The morn had now dispell’d the shades of night,
Restoring toils, when she restor’d the light.
The Trojan king and Tuscan chief command
To raise the piles along the winding strand.
Their friends convey the dead fun’ral fires;
Black smold’ring smoke from the green wood expires;
The light of heav’n is chok’d, and the new day retires.
Then thrice around the kindled piles they go
(For ancient custom had ordain’d it so)
Thrice horse and foot about the fires are led;
And thrice, with loud laments, they hail the dead.
Tears, trickling down their breasts, bedew the ground,
And drums and trumpets mix their mournful sound.

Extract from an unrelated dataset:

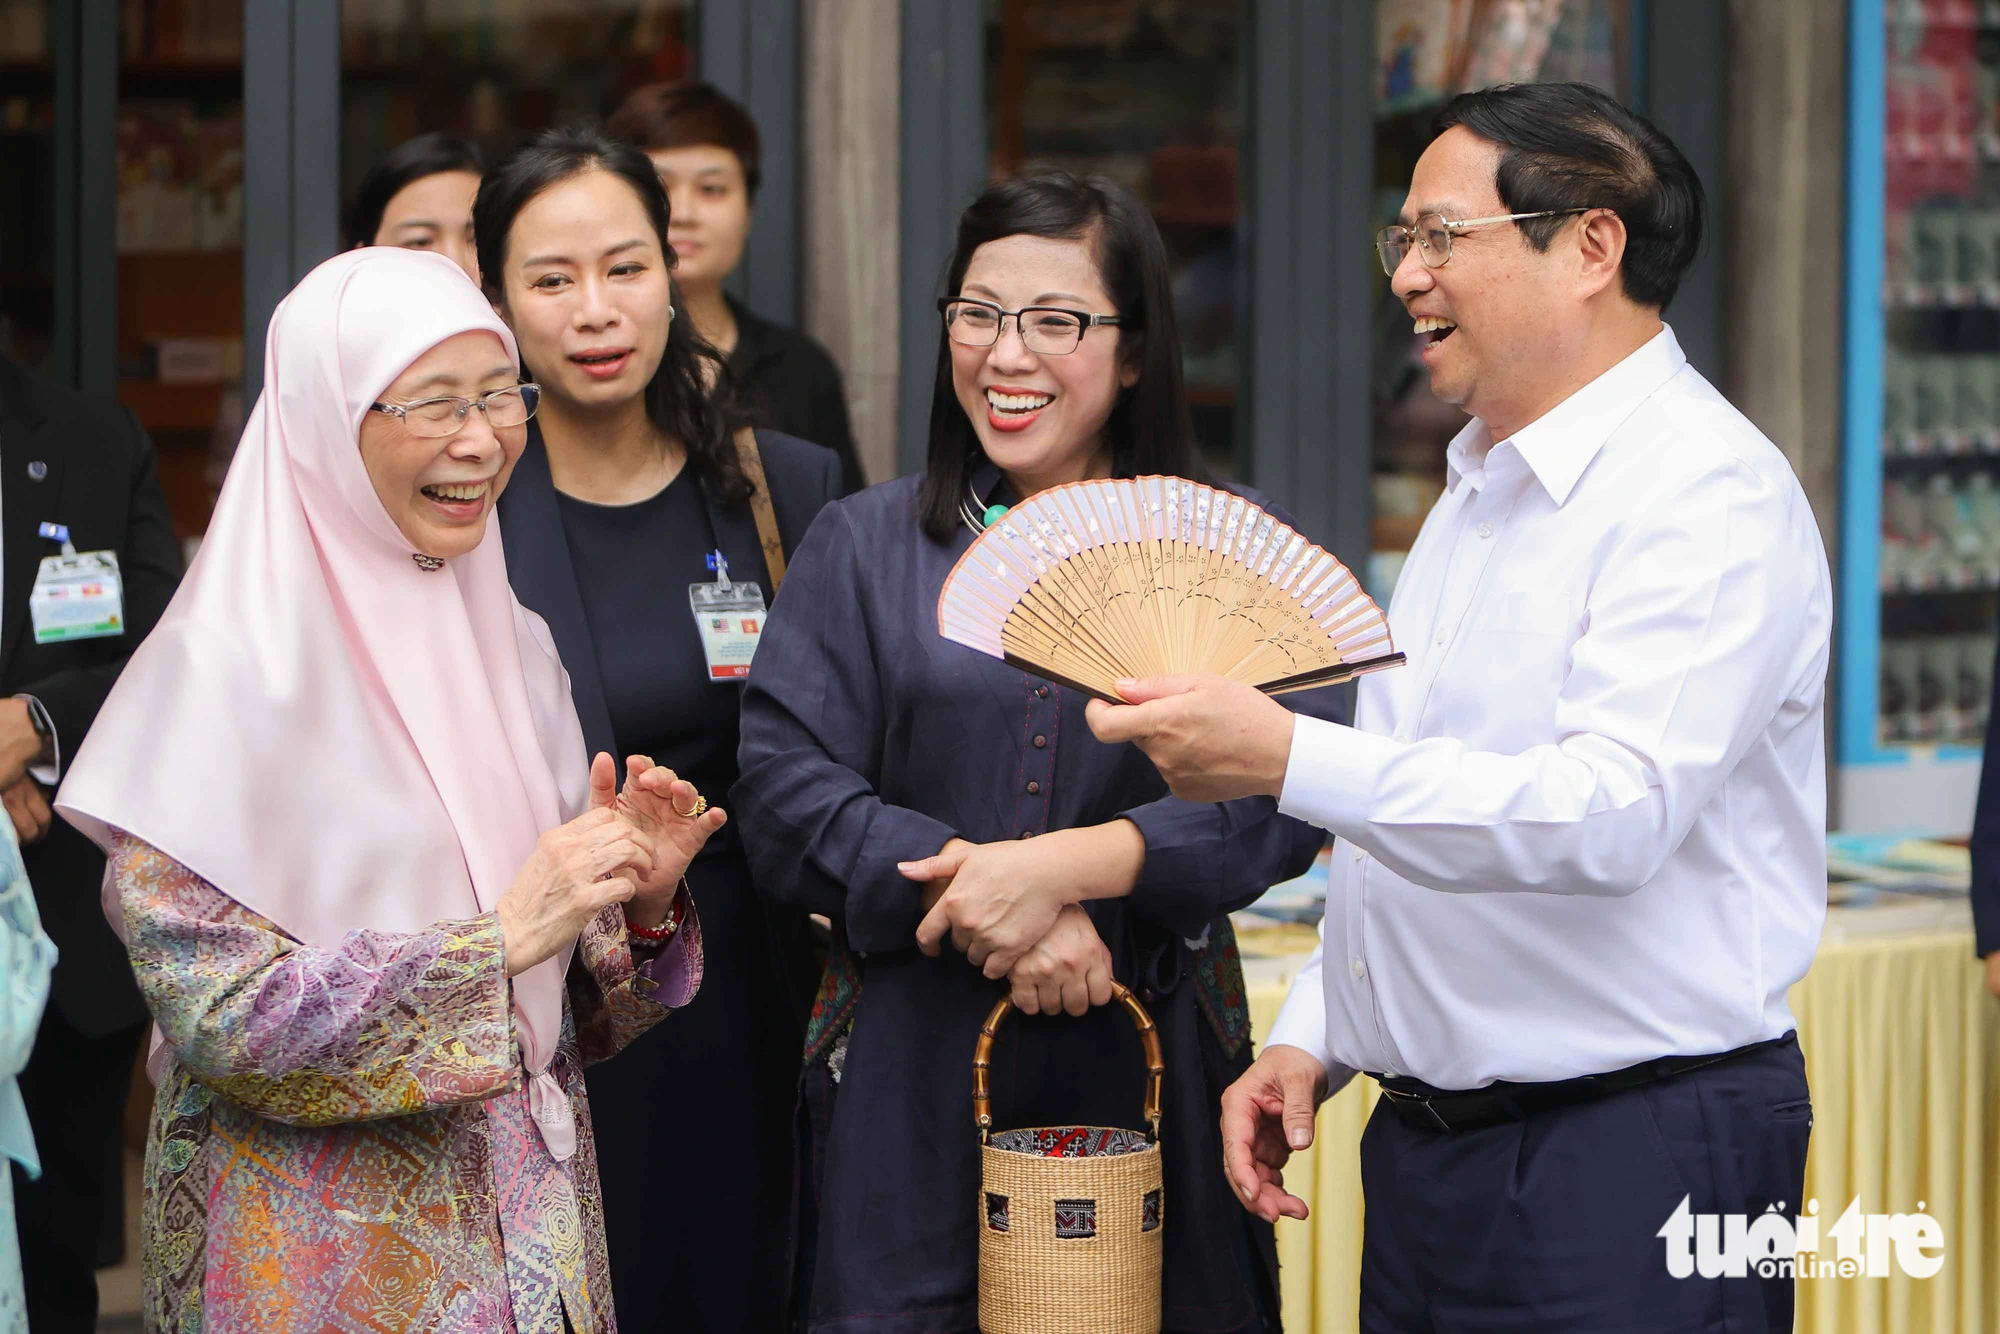 Malaysian Prime Minister Anwar Ibrahim’s spouse Dato' Seri Dr. Wan Azizah Binti Wan Ismail (L, 1st) laughed and thanked PM Chinh (R, 1st) for using a fan to cool down her and his spouse (R, 2nd). Photo: Nguyen Khanh / Tuoi Tre
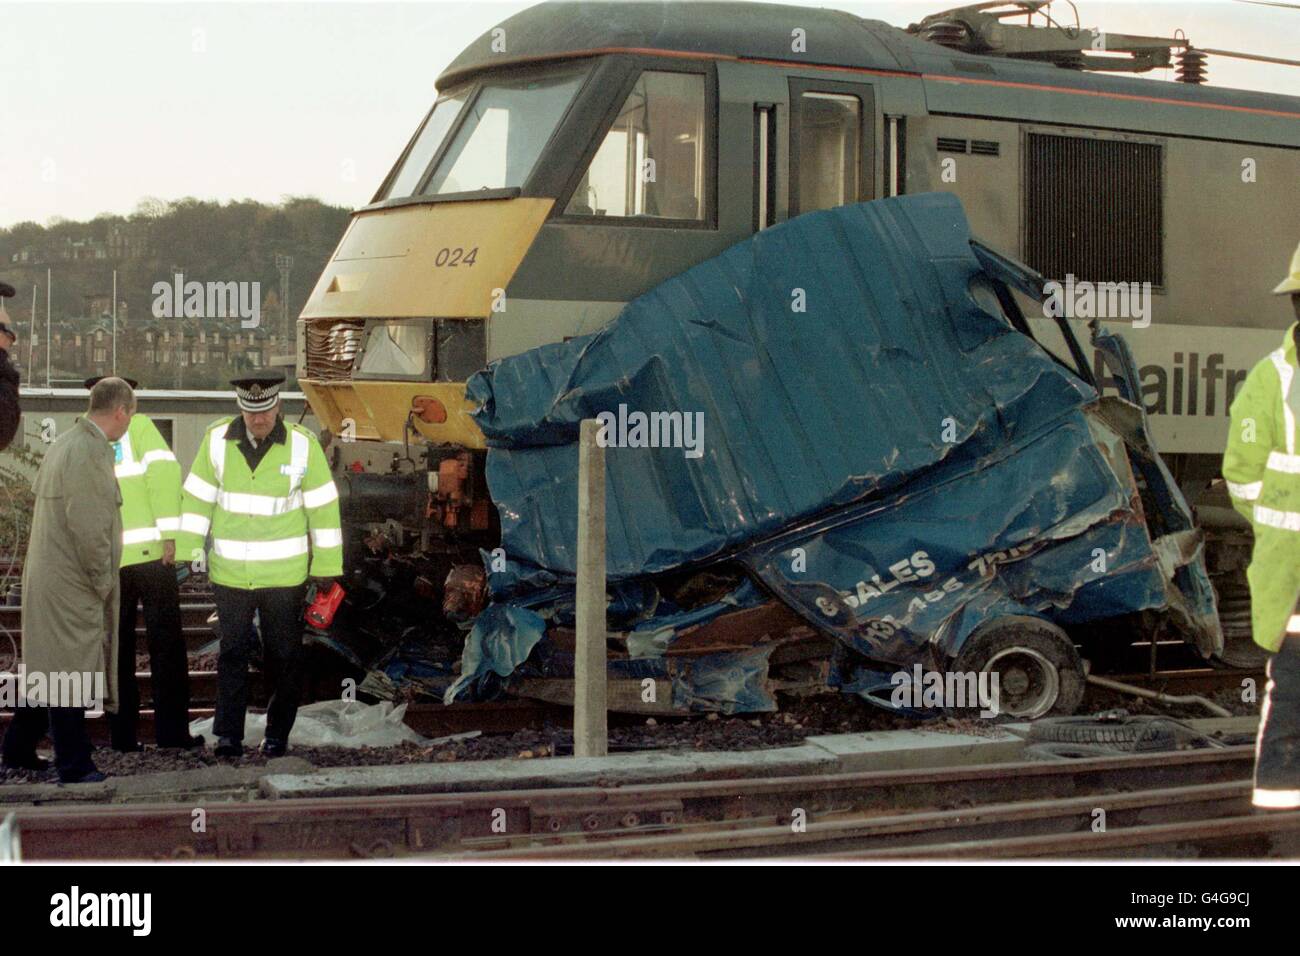 Police attend the scene at Slateford in Edinburgh early today Monday 16th November, 1998, after the London to Inverness sleeper crashed into two abandoned vans on the stretch of railway line near Edinburgh. The sleeper was carrying 140 passengers when it crashed, but no-one was hurt police said Photo by Tony J Haresign. See PA story Stock Photo

Amid the blaze, their pious brethren throw
The spoils, in battle taken from the foe:
Helms, bits emboss’d, and swords of shining steel;
One casts a target, one a chariot wheel;
Some to their fellows their own arms restore:
The fauchions which in luckless fight they bore,
Their bucklers pierc’d, their darts bestow’d in vain,
And shiver’d lances gather’d from the plain.
Whole herds of offer’d bulls, about the fire,
And bristled boars, and woolly sheep expire.
Around the piles a careful troop attends,
To watch the wasting flames, and weep their burning friends;
Ling’ring along the shore, till dewy night
New decks the face of heav’n with starry light.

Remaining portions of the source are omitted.